In the listing below, locate the line with "Flights traveling along" and the line with "Landscape-city", then output both and everything between them exactly, minus any pictures.
[Available data Boundary: Start]
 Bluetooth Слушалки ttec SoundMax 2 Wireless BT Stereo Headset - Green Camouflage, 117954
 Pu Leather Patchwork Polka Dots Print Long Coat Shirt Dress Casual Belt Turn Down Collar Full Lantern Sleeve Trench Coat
[Available data Boundary: End]
[Available data Boundary: Start]
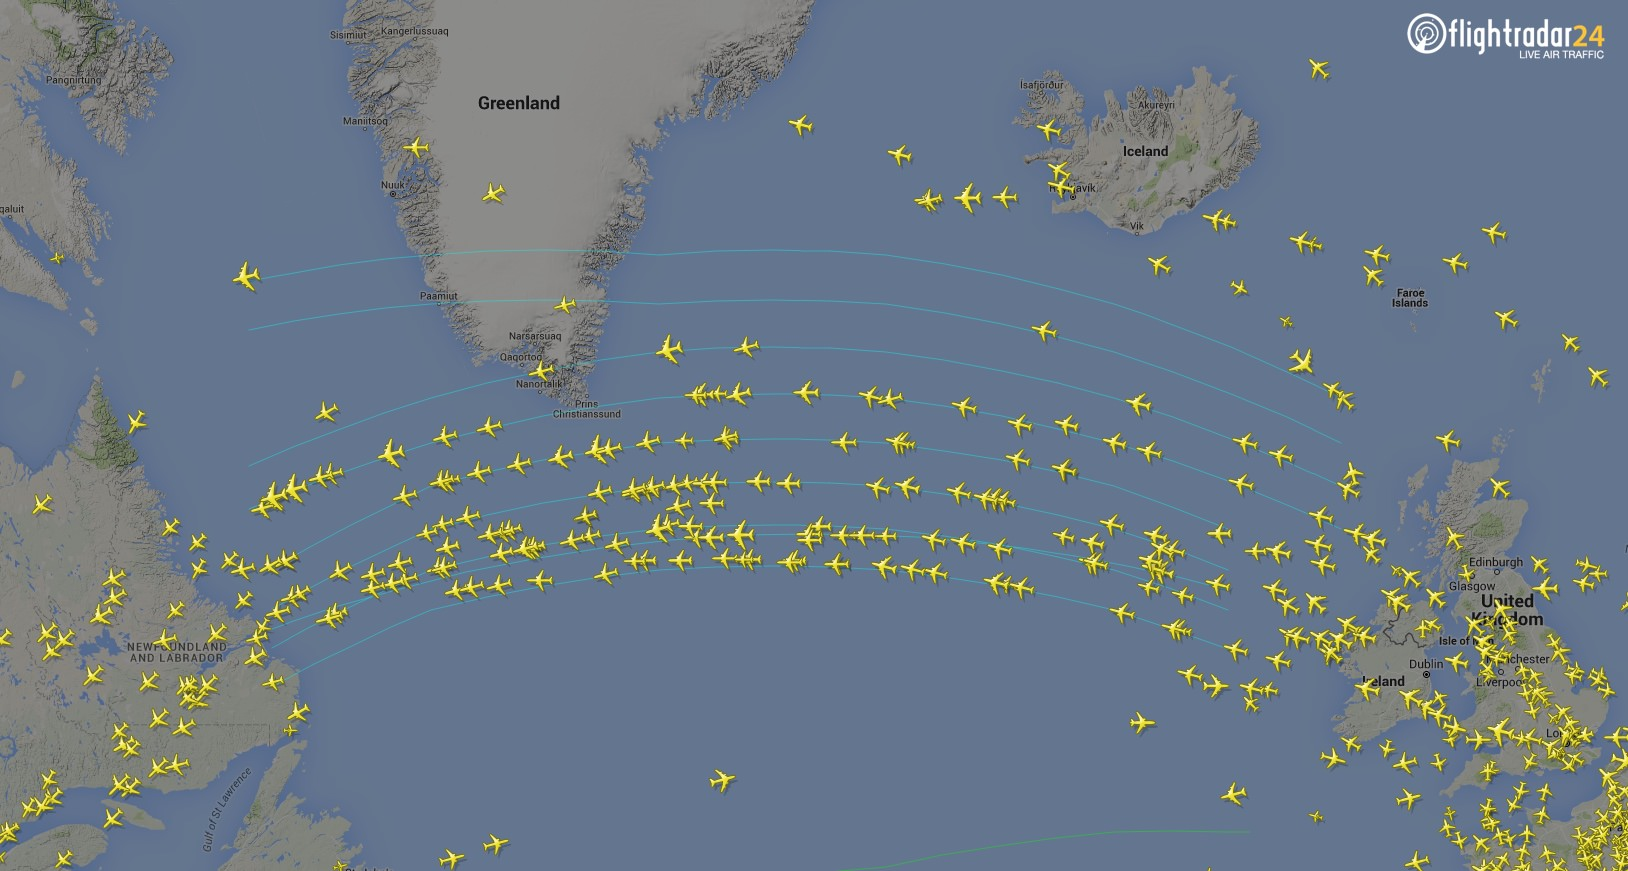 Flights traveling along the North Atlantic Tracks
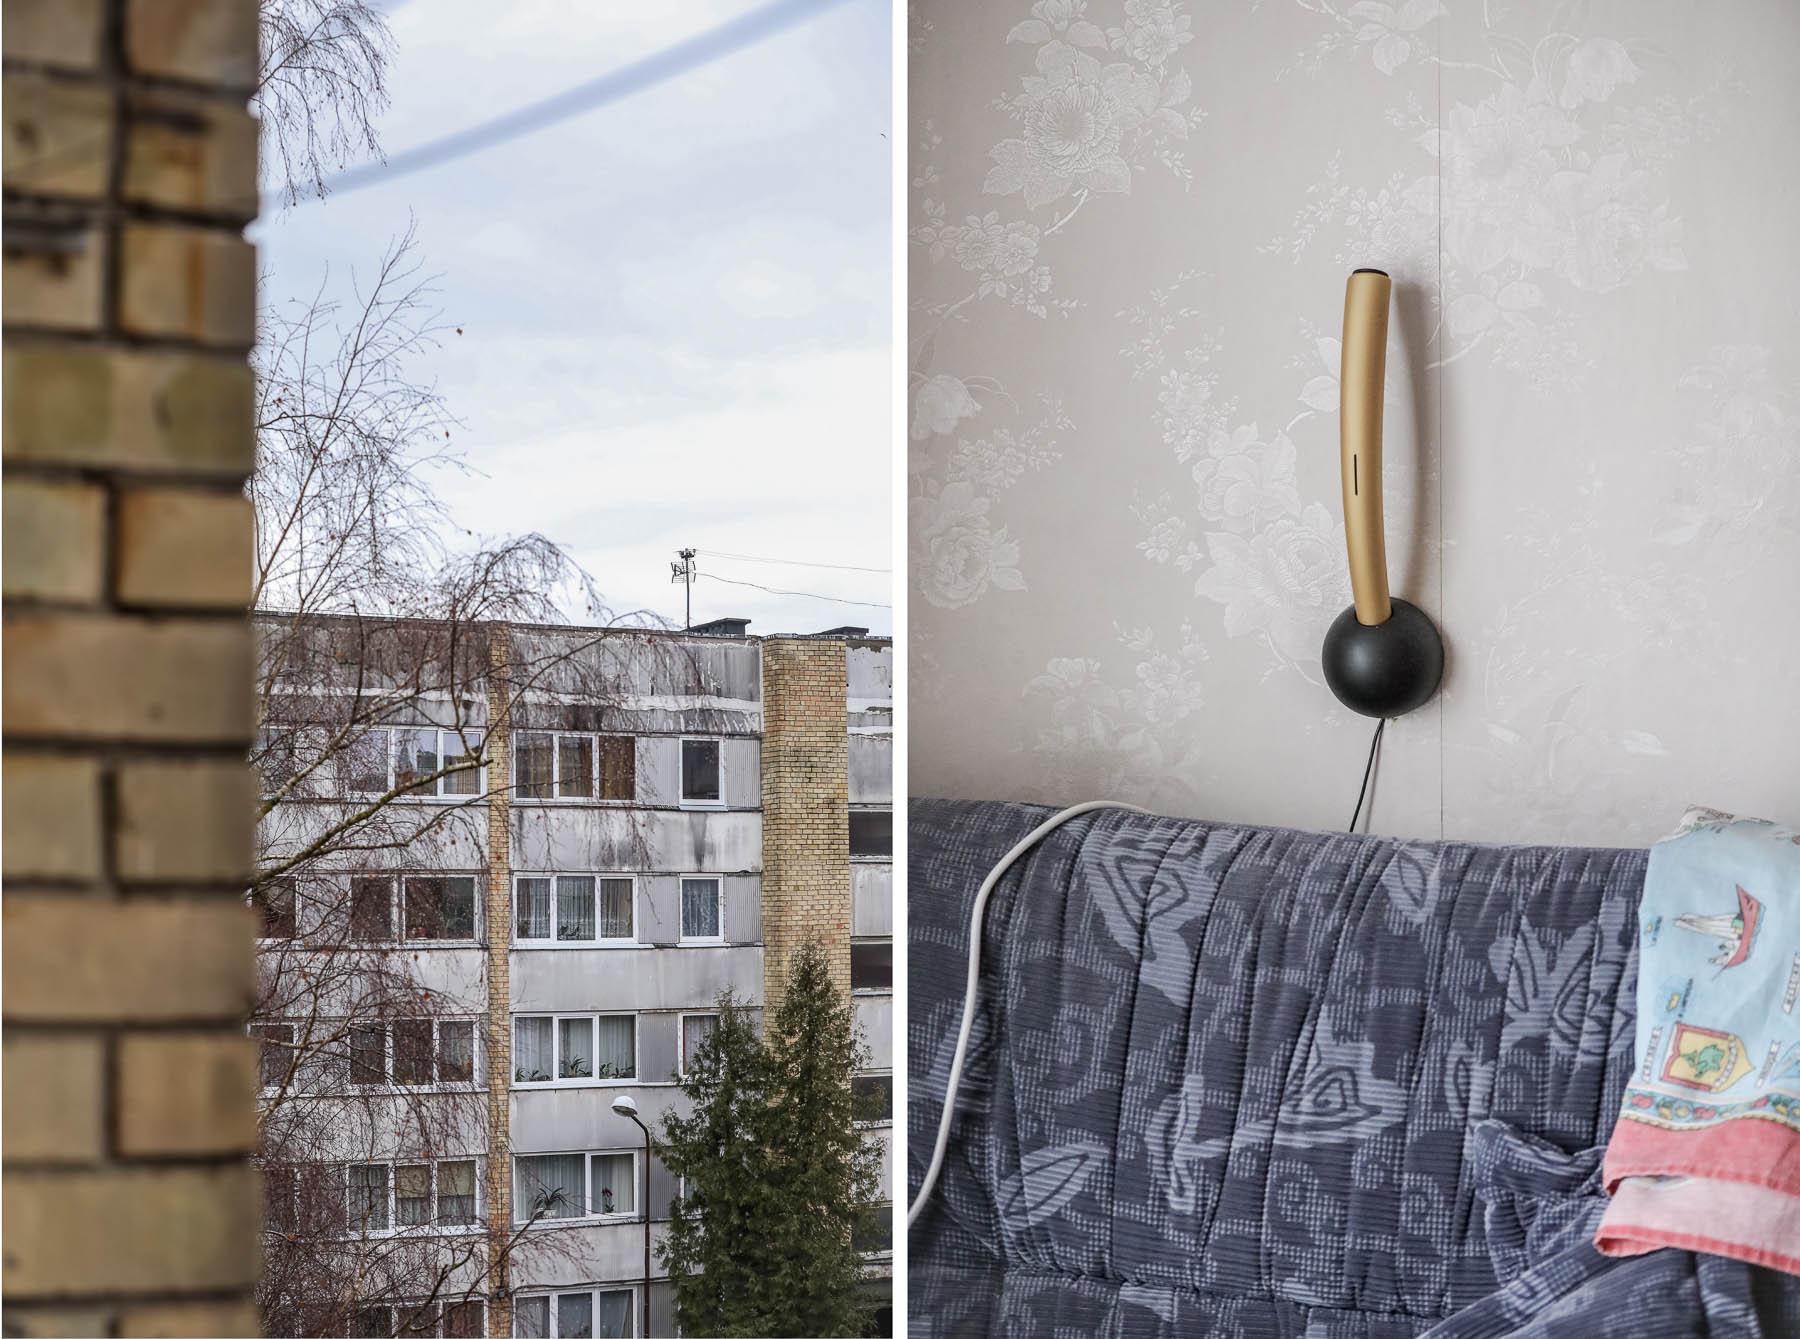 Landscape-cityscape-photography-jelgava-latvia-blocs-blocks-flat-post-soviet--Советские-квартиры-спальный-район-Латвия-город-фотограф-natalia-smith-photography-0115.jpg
[Available data Boundary: End]
## Answer to this exercise
 Flights traveling along the North Atlantic Tracks
 Landscape-cityscape-photography-jelgava-latvia-blocs-blocks-flat-post-soviet--Советские-квартиры-спальный-район-Латвия-город-фотограф-natalia-smith-photography-0115.jpg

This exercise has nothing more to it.